WHAT THIS TASK INVOLVES: Word for word, print out all of the data, omitting every image.

DATA EXCERPT:
BEGIN

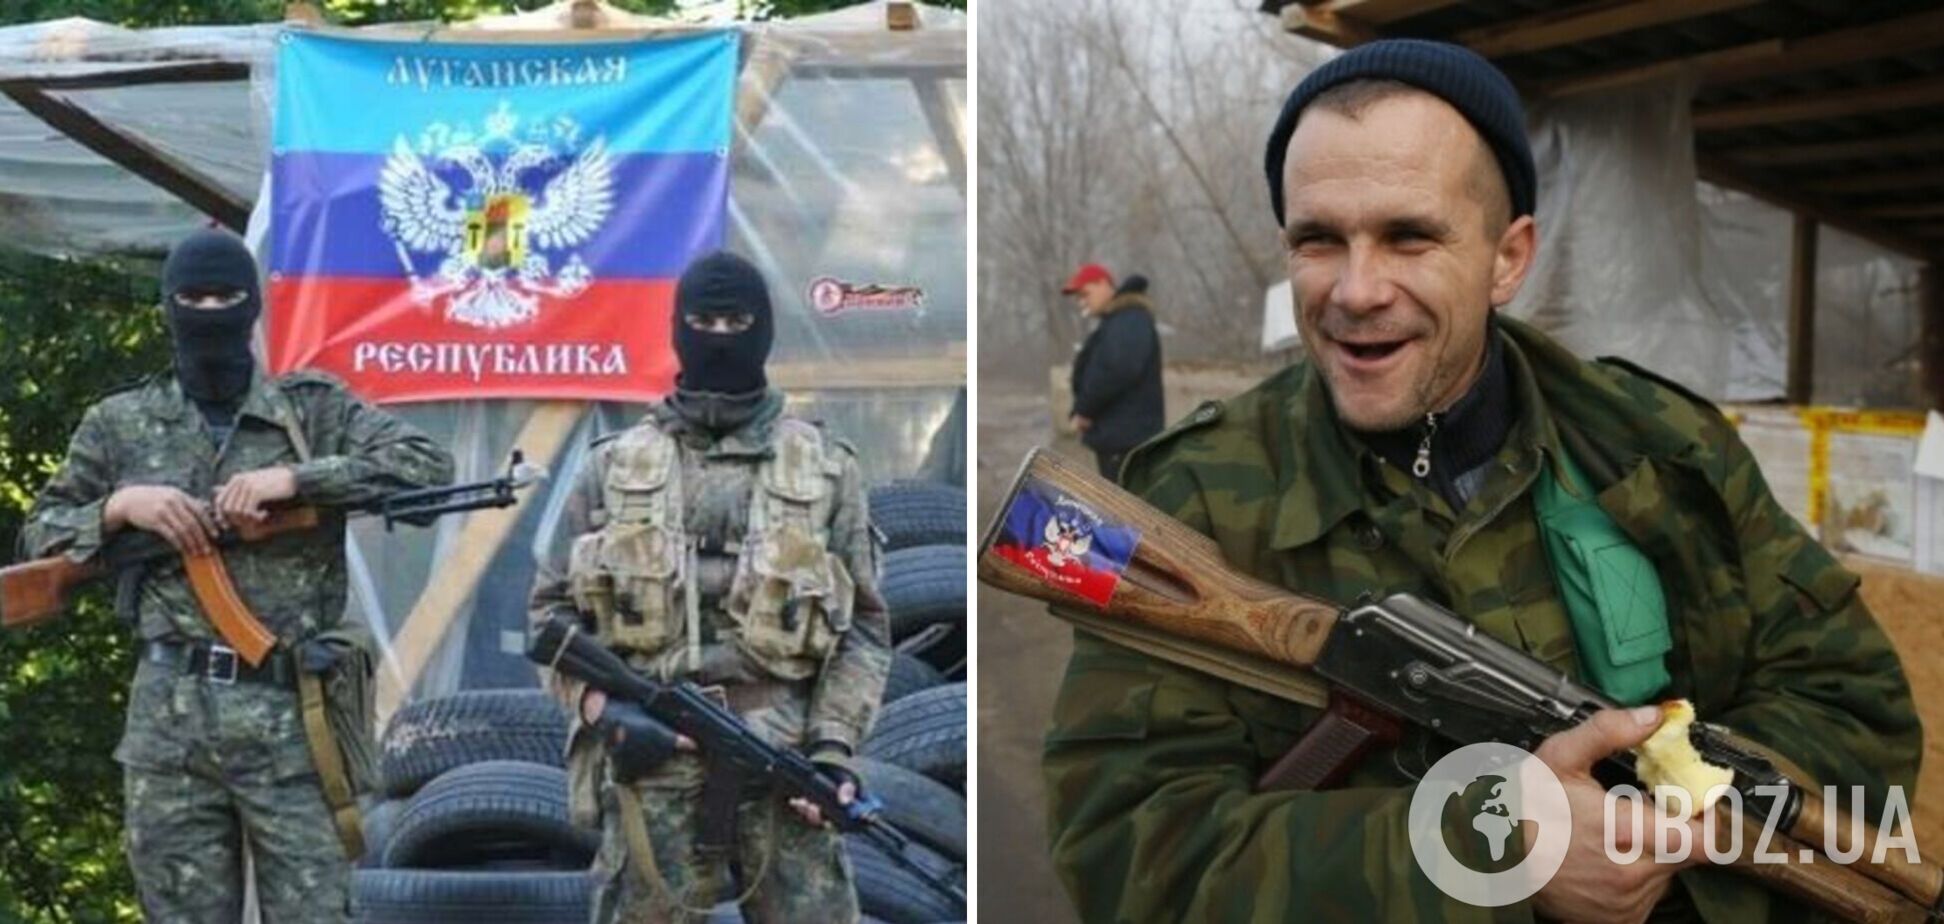 Оккупанты решили переименовать Луганск в Ворошиловград, но временно
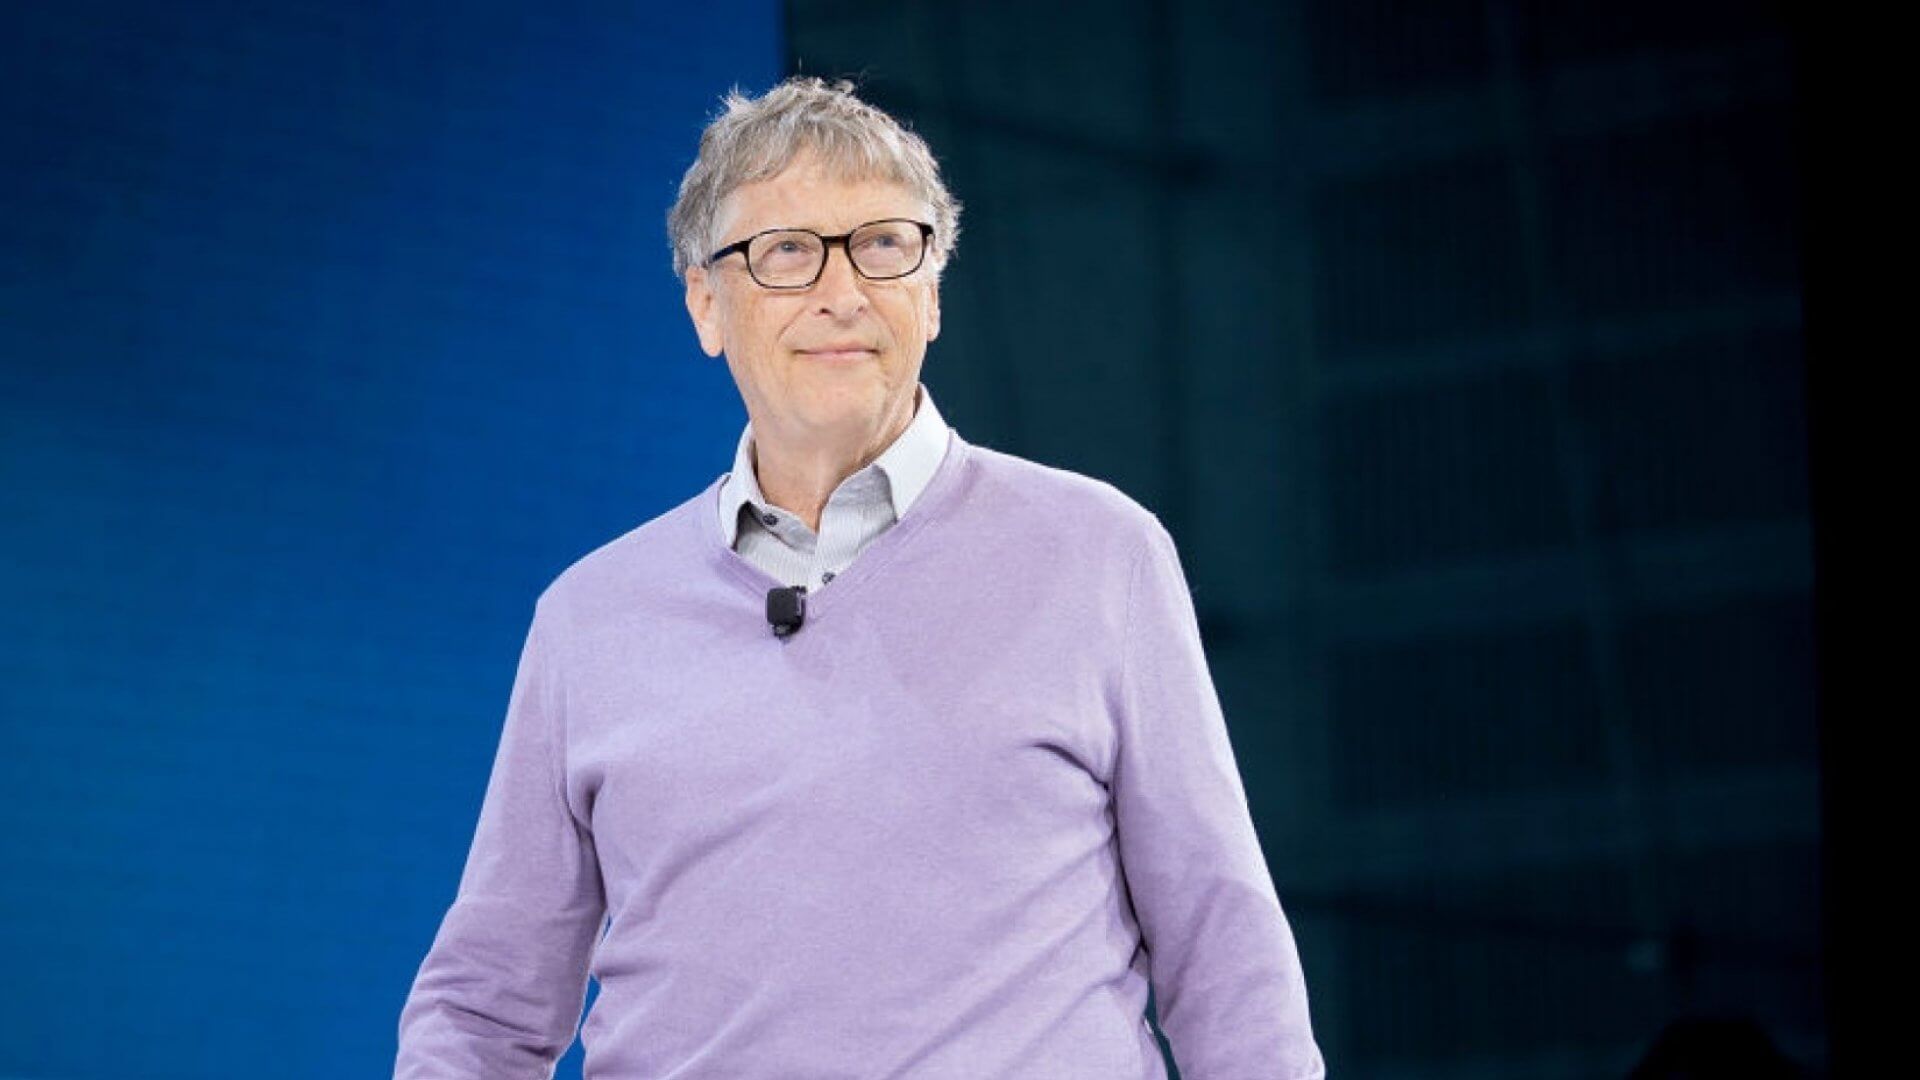 Билл Гейтс Microsoft
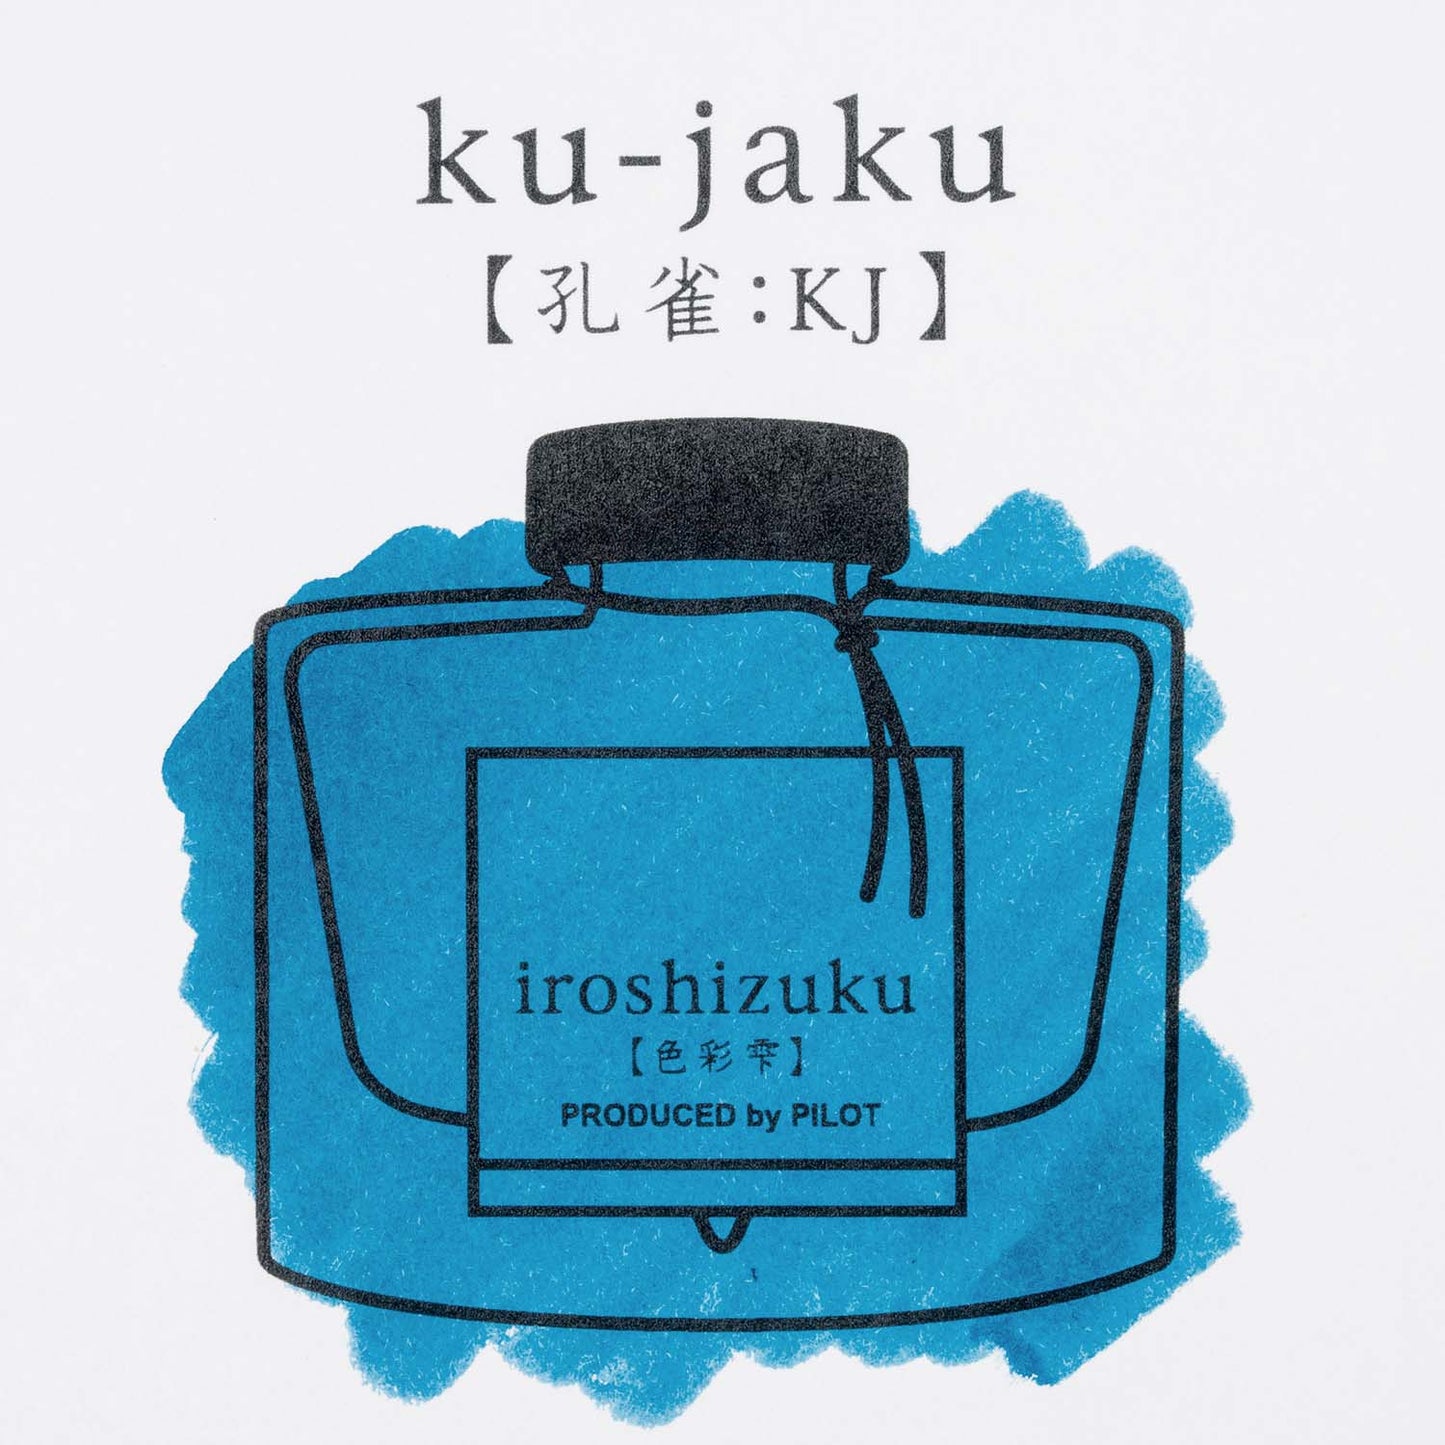 Pilot Iroshizuku Fountain Pen Ink Cartridges - Ku-Jaku (Peacock) sample

END

EXERCISE RESPONSE:
 Оккупанты решили переименовать Луганск в Ворошиловград, но временно
 Билл Гейтс Microsoft
 Pilot Iroshizuku Fountain Pen Ink Cartridges - Ku-Jaku (Peacock) sample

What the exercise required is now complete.